Below are key matrix operations with definitions, motivations, and examples.

#### 1. Matrix Multiplication

**Definition:** For matrices $A$ (of shape $m \times n$) and $B$ (of shape $n \times p$), the product $C = A \times B$ is an $m \times p$ matrix where:

$$
C_{ij} = \sum_{k=1}^{n} A_{ik} \times B_{kj}
$$

**Motivation:** Matrix multiplication is used in transforming data, computing neural network activations, and many other machine learning applications.

**Example:**

In [4]:
import numpy as np

# Define two 2x2 matrices
A = np.array([[1, 2],
              [3, 4]])
B = np.array([[5, 6],
              [7, 8]])

# Matrix multiplication using the @ operator
product = A @ B
print("Matrix product (A @ B):\n", product)

Matrix product (A @ B):
 [[19 22]
 [43 50]]


#### 2. Transposition

**Definition:** The transpose of a matrix is obtained by flipping it over its diagonal.
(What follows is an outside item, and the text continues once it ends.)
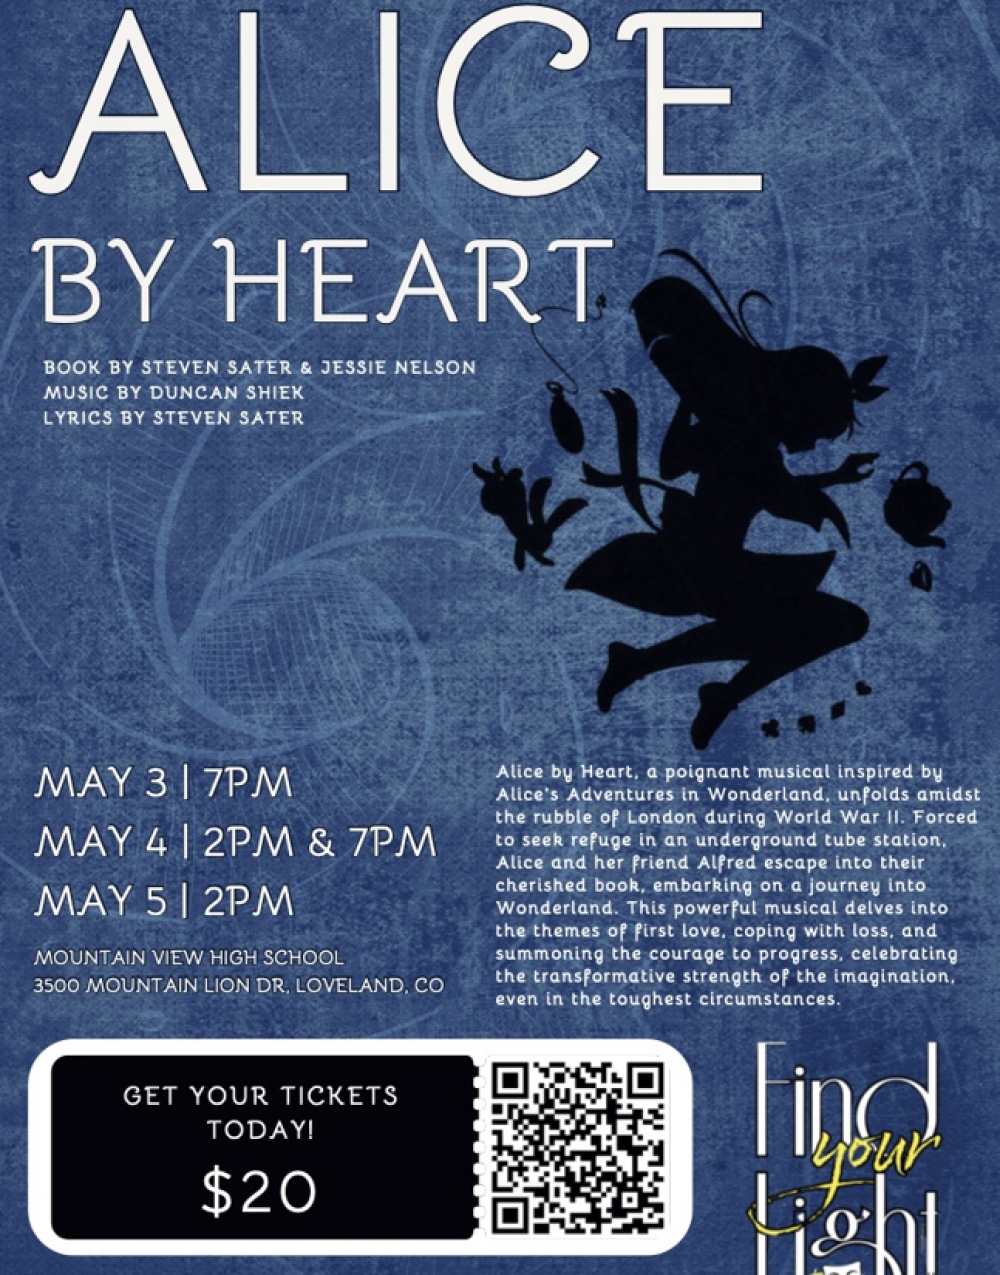 Alice By Heart at Find Your Light

For matrix $A$, the transpose $A^T$ is defined as $(A^T)_{ij} = A_{ji}$.

**Motivation:** Transposition is essential for aligning dimensions, computing covariance matrices, and solving systems of equations.

**Example:**

In [7]:
# Transpose of matrix A
A_transpose = A.T
print("Transpose of A:\n", A_transpose)

Transpose of A:
 [[1 3]
 [2 4]]


#### 3. Element-wise Multiplication

**Definition:** Multiplies corresponding elements of two arrays of the same shape. For arrays $A$ and $B$, $(A * B)_{ij} = A_{ij} \times B_{ij}$.

**Motivation:** Often used for scaling, applying activation functions, or combining feature maps in neural networks.

**Example:**

In [9]:
# Element-wise multiplication of A and B
elementwise_product = A * B
print("Element-wise multiplication:\n", elementwise_product)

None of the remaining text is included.